Days like today, with such little sleep from last night, the ugly cry comes out often.
We again found our way to labor and delivery after bleeding from 9:30 last night to around 6am this morning. Josh had been at home with the boys, and woke them up at 5am to drop them off at my brother's.
She is already showing all of us who the boss is, huh?
To my mom's credit, my boys are adjusting very well and I am beginning to wonder if they will ever want to come home. They LOVE Grandma's house.
Please pray for the never ending shuffle going on over here. Either my mom or Josh are here with me every night, and I can tell this whole thing is starting to get old with everyone. Mostly me. I long for a good night's sleep. The world feels balanced when I am able to get a decent night's worth.

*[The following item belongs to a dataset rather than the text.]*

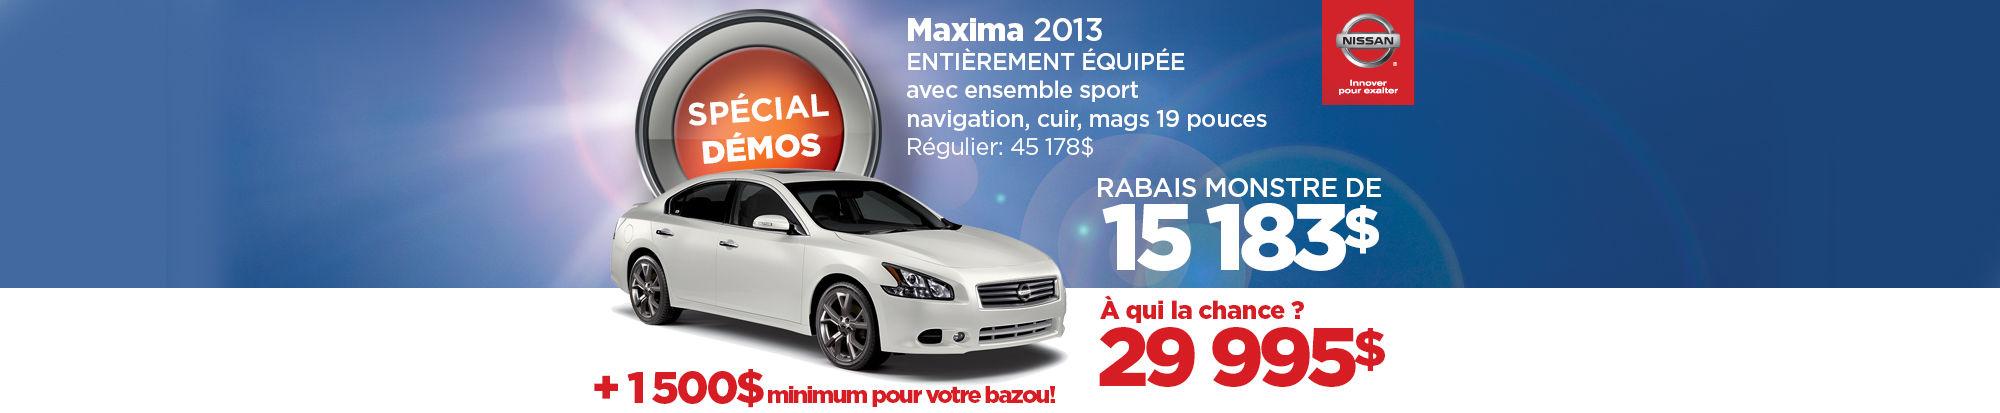 La Nissan Maxima

The ugly cry comes out far less often.
I turn 25 weeks plus 3 days tonight at midnight.
Ever inching onward.
8 comments:
Oh Jamie,
Every day I check to see if you have any updates on Tessa. My heart aches for you...I can't even imagine how difficult the "not knowing" must be. I am praying for you & Tessa!!!
Hugs...
Confession... there have been times when I have said to friends, family, etc when hearing of a difficult situation, "I'll pray for you." And I do. For a day, or a week or so, and then the good intention fades away, and so do the prayers. Not so this time. Prayers are constantly being uplifted on your behalf.. Before I fall asleep, when I wake up, whenever I wake during the night, (frequently!!), and off and on throughout the day, I pray for little Tessa to stay put, her placenta to hang in there a while longer, healthy lungs, and patience for you, Josh, and the boys. Tonight I will focus my prayers on a restful night of sleep for you all.
Jamie, I am willing to do this as long as it takes because you are worth it and Tessa is worth it. Don't add extra stress thinking about how Josh and I are holding out it isn't about us. God is right here with us even though sometimes it doesn't feel that way.
Love you tons, Mom
Praying for you all daily....sometimes hourly!! Whenever the Lord prompts!! God is so good that way!! <3 <3 <3
Alway's in my thought's and prayer's Jamie! You are a strong woman and so open with your emotions which touches me.
Joan
hope the last couple days and nights have been less eventful. thinking of you and Tessa often. Loved seeing the pics of you and boys on FB. Really hoping it's going to work to come see you soon. :) Love you guys.
"When I am afraid, I will trust in You" Psalm 56:4
Hope the last couple days have been uneventful and low stress for you all.